Just because your mother got up at five in the morning to cook a turkey, doesn't mean you have to. You can make a great tasting, juicy bird in only a couple of hours by following the steps below.
Things You'll Need
- 1 turkey, thawed
- Extra virgin olive oil
- Red wine vinegar
- Salt and pepper
- Turkey baster
- Tin foil and large roasting pan
- Food thermometer
Preheat oven to 500 degrees. Unwrap turkey and remove neck and bag of organs. Bring to the sink and thoroughly rinse with cool running water inside and out. Let water drip from the bird and salt the inside cavity.
Coat the bottom of the roasting pan with olive oil and a splash of the red wine vinegar. Place turkey in pan breast side up and tuck the wings behind the bird, out of the way. Massage olive oil to all exposed parts of the bird adding some red wine vinegar, just a few little splashes with do. When bird is glistening from the oil, add some salt and pepper.

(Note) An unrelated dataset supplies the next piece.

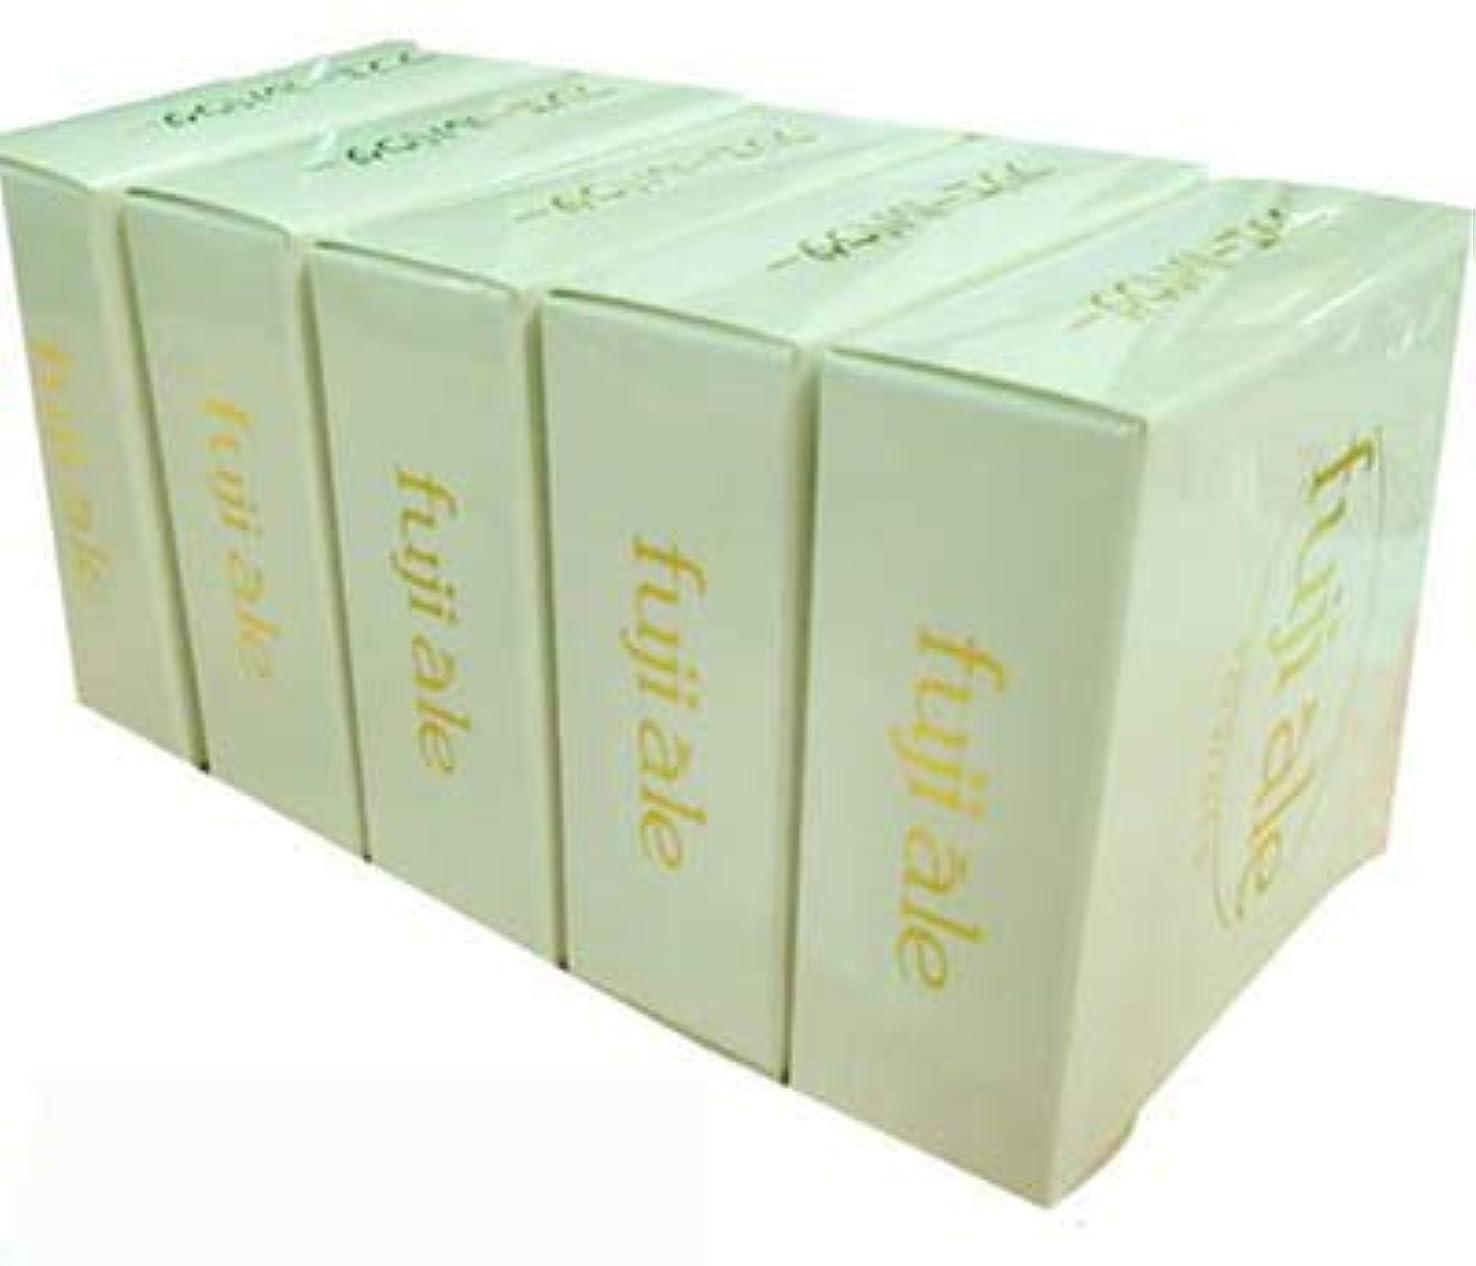 数字ブロンズ有名な薬用フジエールパウダー30g 5箱組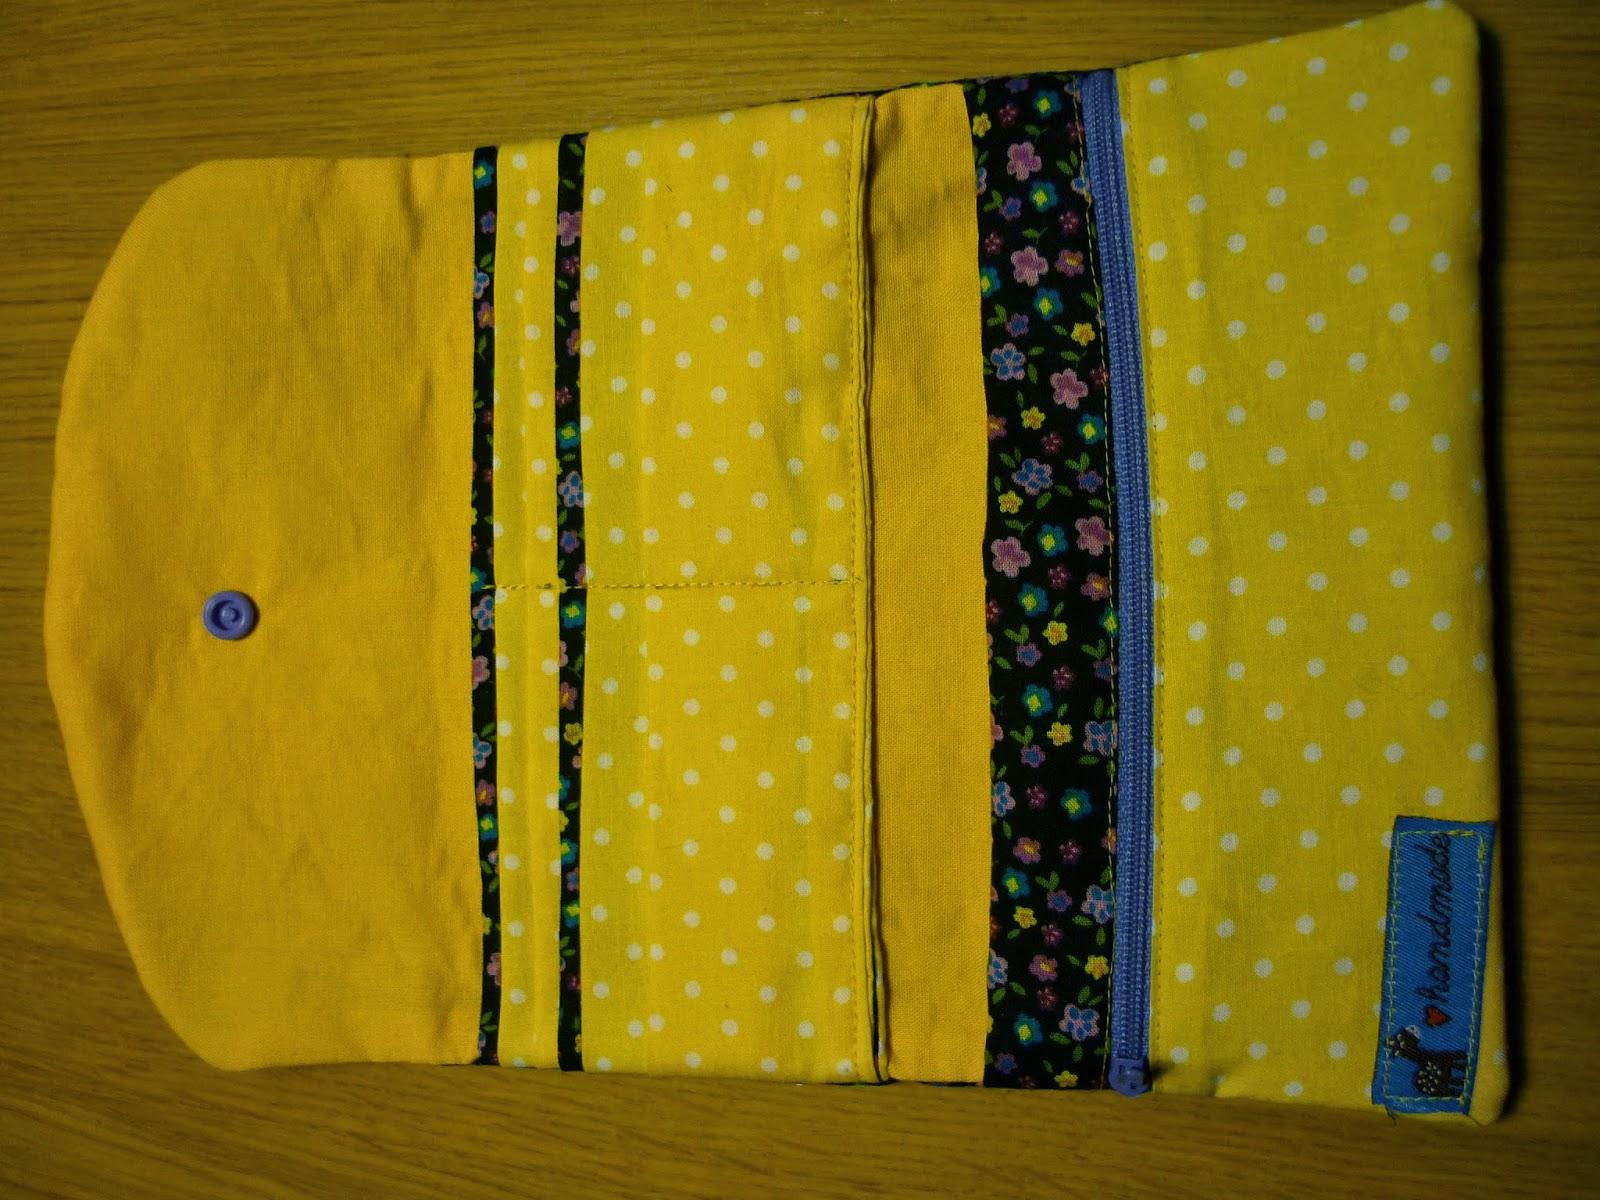 monedero modistilla de pacotilla amigo invisible libreta diy lourdes punts de colors camiseta aplicacion fushu fana

Put turkey in hot oven and check after about 20 minutes for brownness.. Add more time if turkey is not golden brown. When it is the desired color, take a large sheet of tin foil and tent it over the bird so the browning will stop. This also allows the heat to build up and steam to form, keeping the turkey moist. Juices will form at bottom of the pan, use that liquid to baste the bird when you check it.
Check to see if the turkey is done after a total of 2 hours. Turkey is done when either a timer pops out, a thermometer reads 180 degrees from several areas, and the legs and wings can be easily taken off.
Let turkey rest for 20 minutes before carving so that the juices inside have time to settle throughout the bird.
Tips & Warnings
- It's a good idea to rinse the thermometer after each time you check the bird.
- Dressing should be added inside the bird after it's cooked thoroughly.
- Other favorite seasonings can be used with the olive oil such as minced garlic.
- A frozen turkey should thaw in the refrigerator for four days before cooking.
- Wash hands, surfaces and utensils well in soapy water after touching raw bird.